Les collectivités s’attaquent également aux opérateurs nationaux de l’énergie, par l’intermédiaire d’ONG. On a vu apparaître ces derniers mois des propositions pour permettre aux communes de créer leur propre entreprise locale de distribution de gaz ou d’électricité en lieu et place des deux distributeurs historiques. Leurs arguments ? La diversité des situations locales implique de moduler les stratégies. La gestion directe de ces opérateurs leur donnerait un pouvoir d’action plus grand, par exemple pour injecter plus facilement gaz ou’électricité renouvelables produits localement. Les distributeurs historiques défendent quant à eux leur saine gestion et mettent dans la balance leur capacité à absorber les variations des productions énergétiques locales dans le temps.

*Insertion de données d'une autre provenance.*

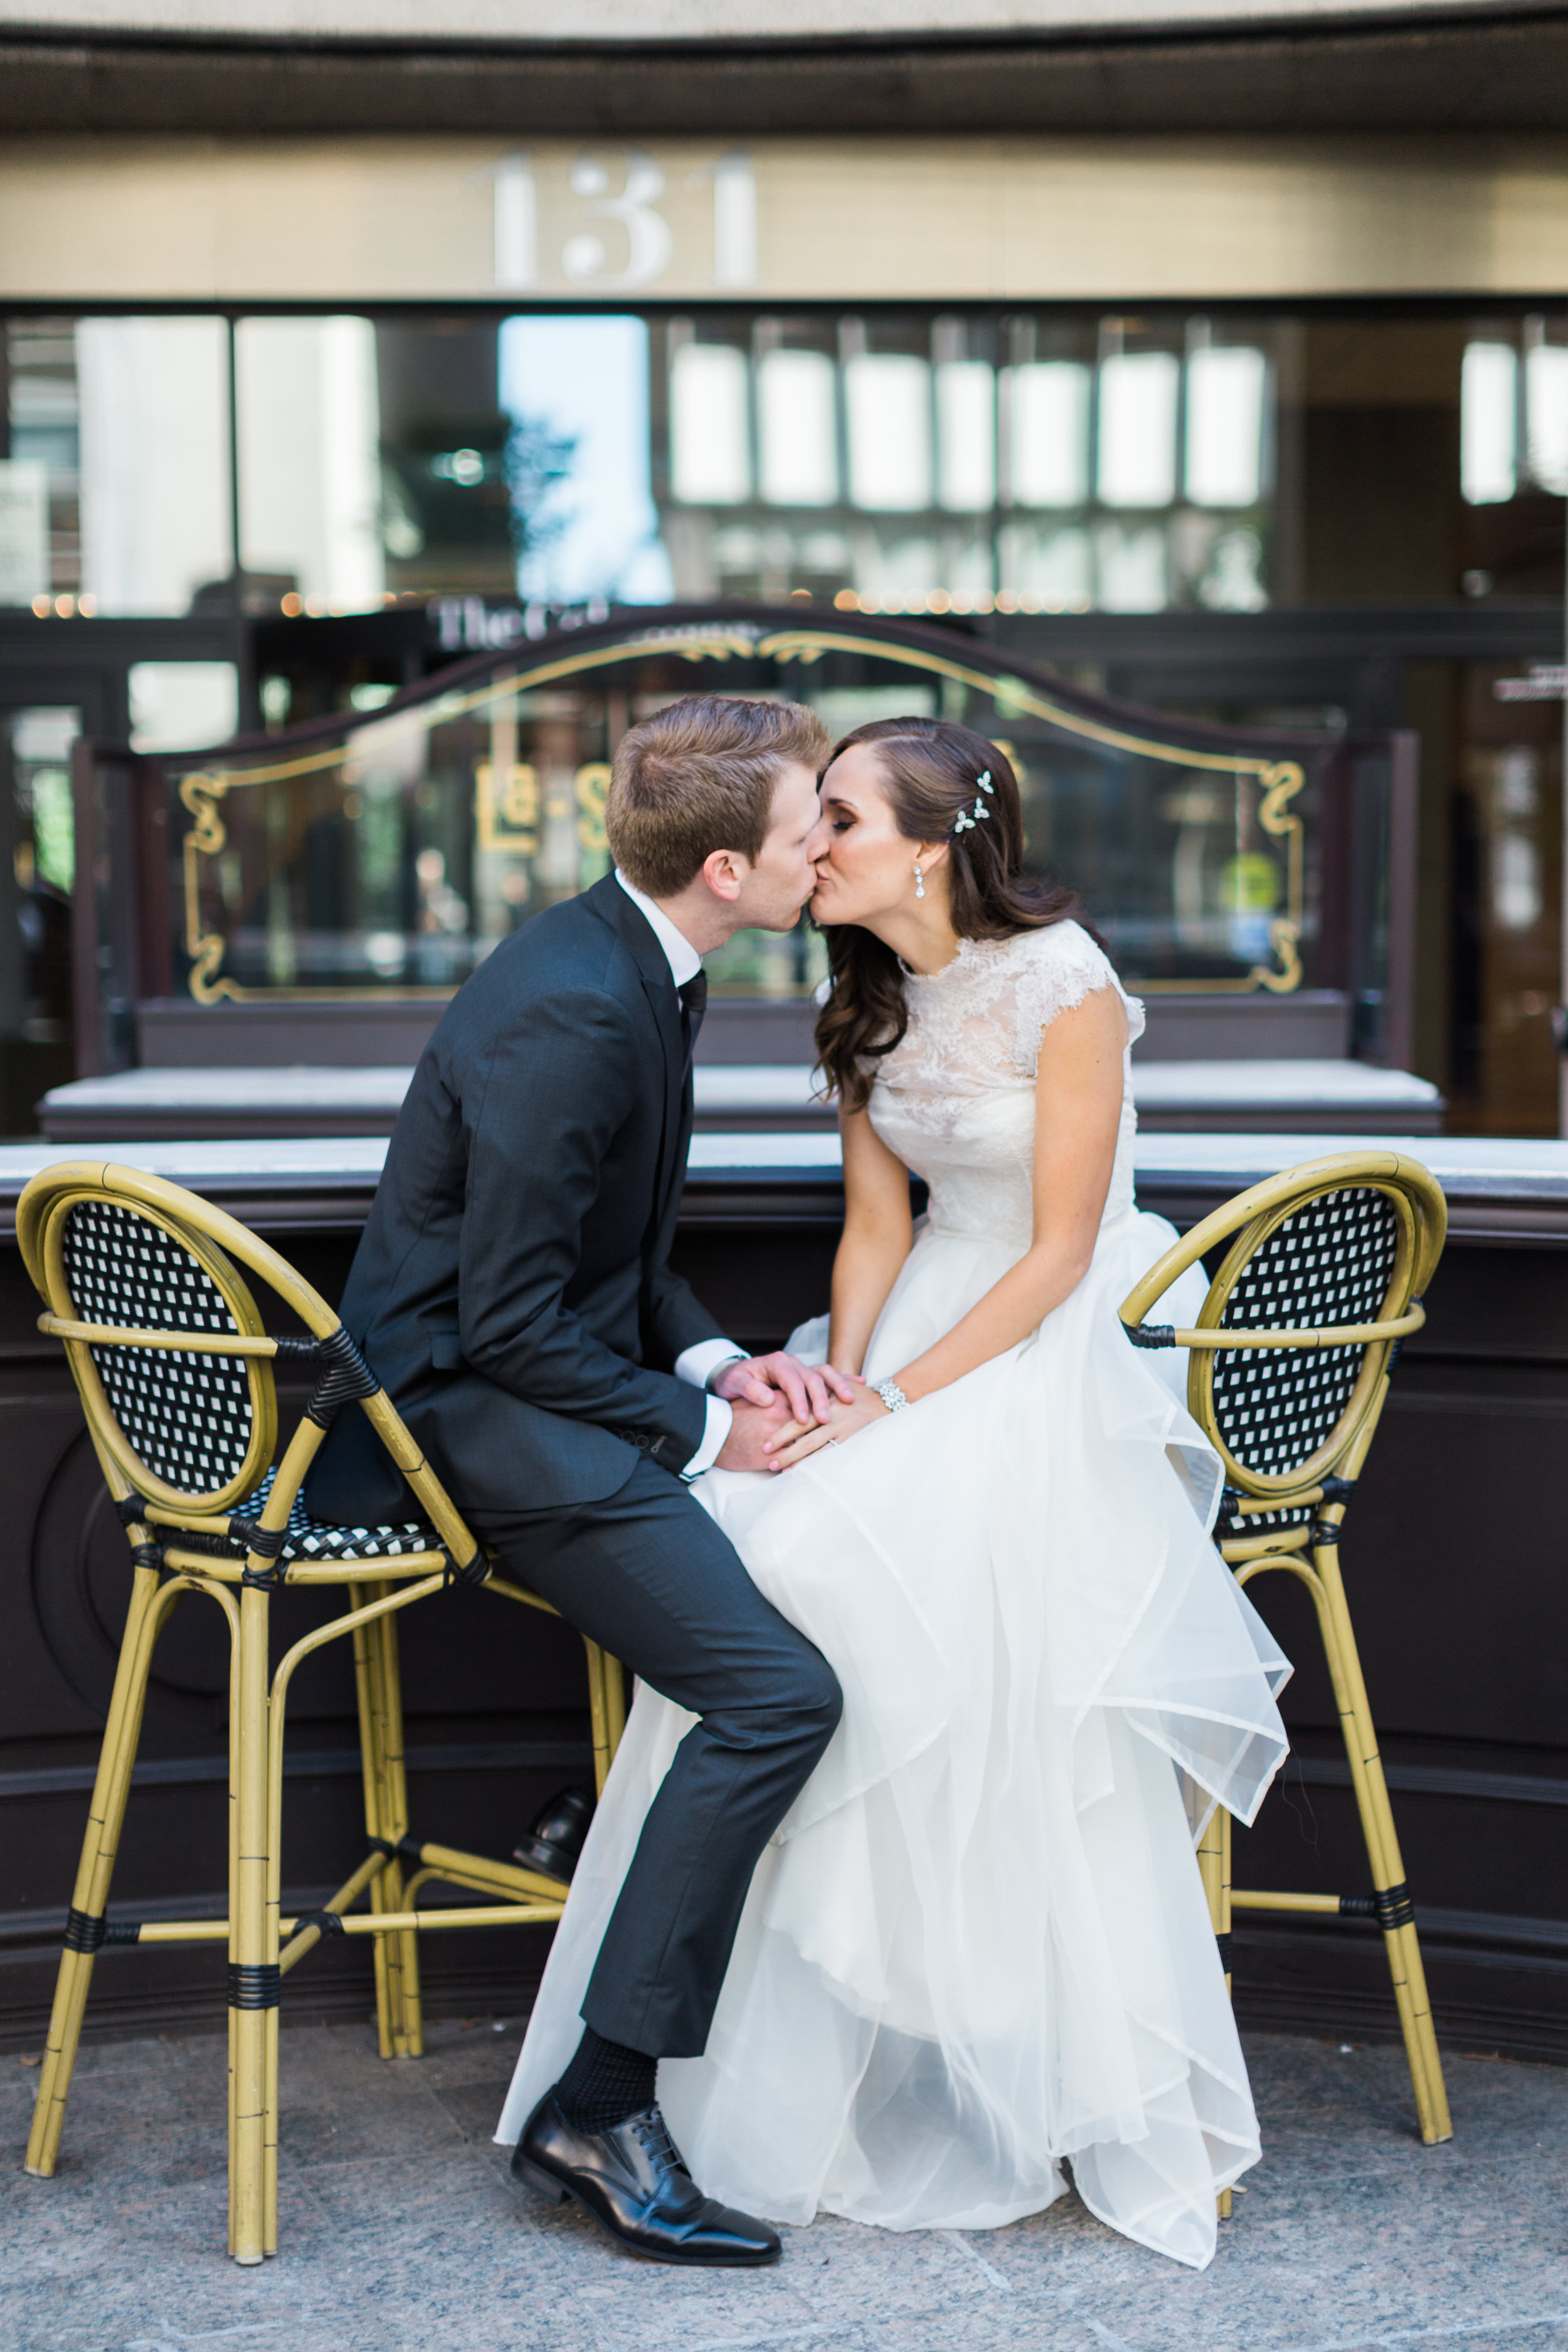 Toronto Fine Art Photographer - Yorkville Wedding - Bride & Groom Portraits-37.jpg

Gérer l’énergie à l’échelle locale, pour mieux la produire et la consommer conduit certaines collectivités à parler d’une possible indépendance énergétique. Mais elles ne s’accordent pas forcément entre elles pour identifier la bonne échelle d’action :intercommunale, départementale ou régionale. Une certaine forme de concurrence est même perceptible à l’heure de proposer des initiatives. Deux collectivités se distinguent en ce moment : d’abord les régions, qui ont réfléchi et structuré leur action lors de la définition de leurs Schémas Régionaux Climat-Air-Énergie en 2012. Ce n’est probablement pas un hasard si le gouvernement leur a donné un rôle central d’animation des débats de ce printemps. Elles peuvent se prévaloir d’une taille pertinente pour stimuler la production d’ENR et le développement d’un tissu économique viable autour d’elles. Ensuite, les intercommunalités, qui se sont emparé de longue date des questions de maîtrise de l’énergie. Elles ont pour elles de concentrer sur leurs territoires la majorité des consommations énergétiques non industrielles (bâtiments, transports) et de disposer d’outils de décision efficaces pour les réduire. Ceci étant dit, le nouveau projet de loi « Lebranchu » modifie encore les équilibres.
Les prochaines semaines permettront de définir quels sont les acteurs les mieux placés pour assumer le leadership de la transition énergétique.